Desde esta actitud del prejuicio, me pregunto: ¿cómo cruzamos puentes y derribamos barreras mentales para acercarnos al otro y escucharlo en sus circunstancias?
Tenemos aquí una primera conclusión: el prejuicio -ruido de interferencia- expulsa al otro, obstruye la comunicación y distorsiona la percepción de la realidad.
Un segundo obstáculo es la intolerancia social que implica la exclusión de minorías o grupos vulnerables. El rechazo de las diferencias aparece como fundamento de la intolerancia social y es hija predilecta del prejuicio. La intolerancia es un marco mental angosto que afectado por el prejuicio, se expresa en actitudes de rechazo, de expulsión y denigración de los derechos del prójimo. En el fondo no deja de ser una expresión de soberbia que clausura todo acercamiento al semejante.
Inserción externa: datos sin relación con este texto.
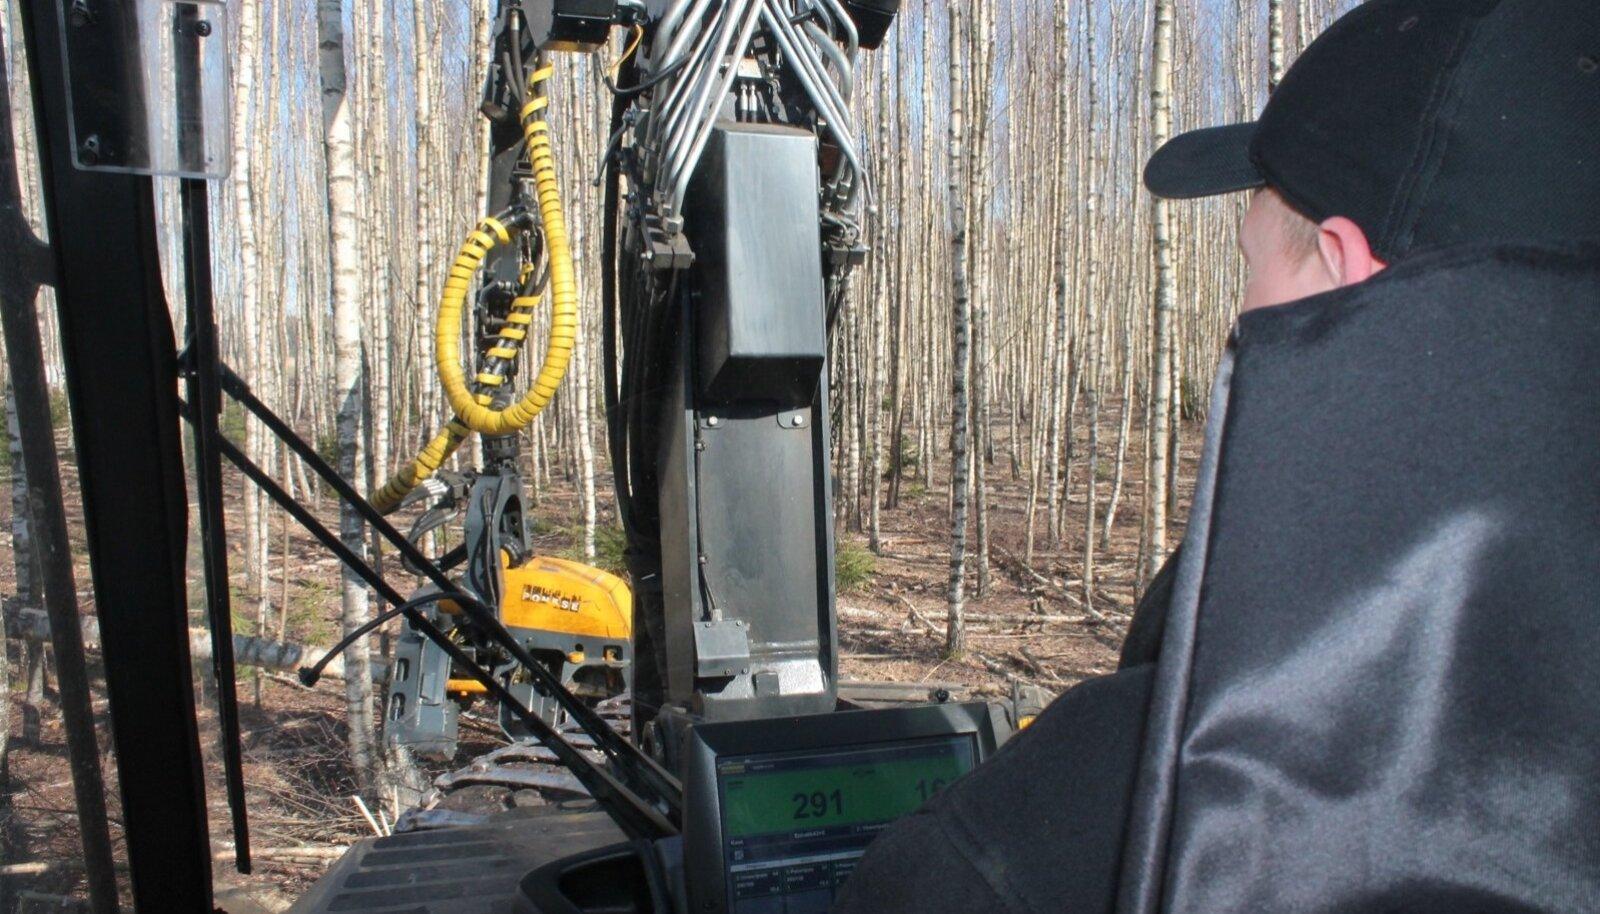 Agaramad on hooldusraiete tegemisel need metsaomanikud, kes toetust küsinud läbi metsaühistu.

El otro, el distinto, las minorías, son colocadas en una escalón inferior a mi propia identidad personal que se asume como algo superior. Esta categorización de inferioridad del que es considerado distinto, genera distancia social e impide cualquier espacio de empatía, necesario para escuchar al otro.
Acercarnos al otro, entrar en diálogo con él, escucharlo desde su biografía personal, es un acto de superación personal, porque trasciendo las fronteras de mi ego y de mis dogmatismos. Sin embargo, hay quienes ven en estos gestos de apertura al semejante, una claudicación a las convicciones personales. Cuando en realidad es todo lo contrario: sólo las personas seguras de su cosmovisión, creencias y valores, puede escuchar sin prejuicios al que piensa o vive distinto. En la raíz de la intolerancia social subyace un legalismo estrecho que pone a la norma por encima de la persona. Y esta persona, sentada frente a mí, que carga en sus espaldas una historia atravesada por el desamparo y la soledad, más allá de lo que piense, crea o defienda, siempre será más importante que aquello que piensa, crea o defiende.
Habla, que yo te escucho, es en definitiva, una experiencia que humaniza a dos.
Por Miryan Andújar
Abogada y docente.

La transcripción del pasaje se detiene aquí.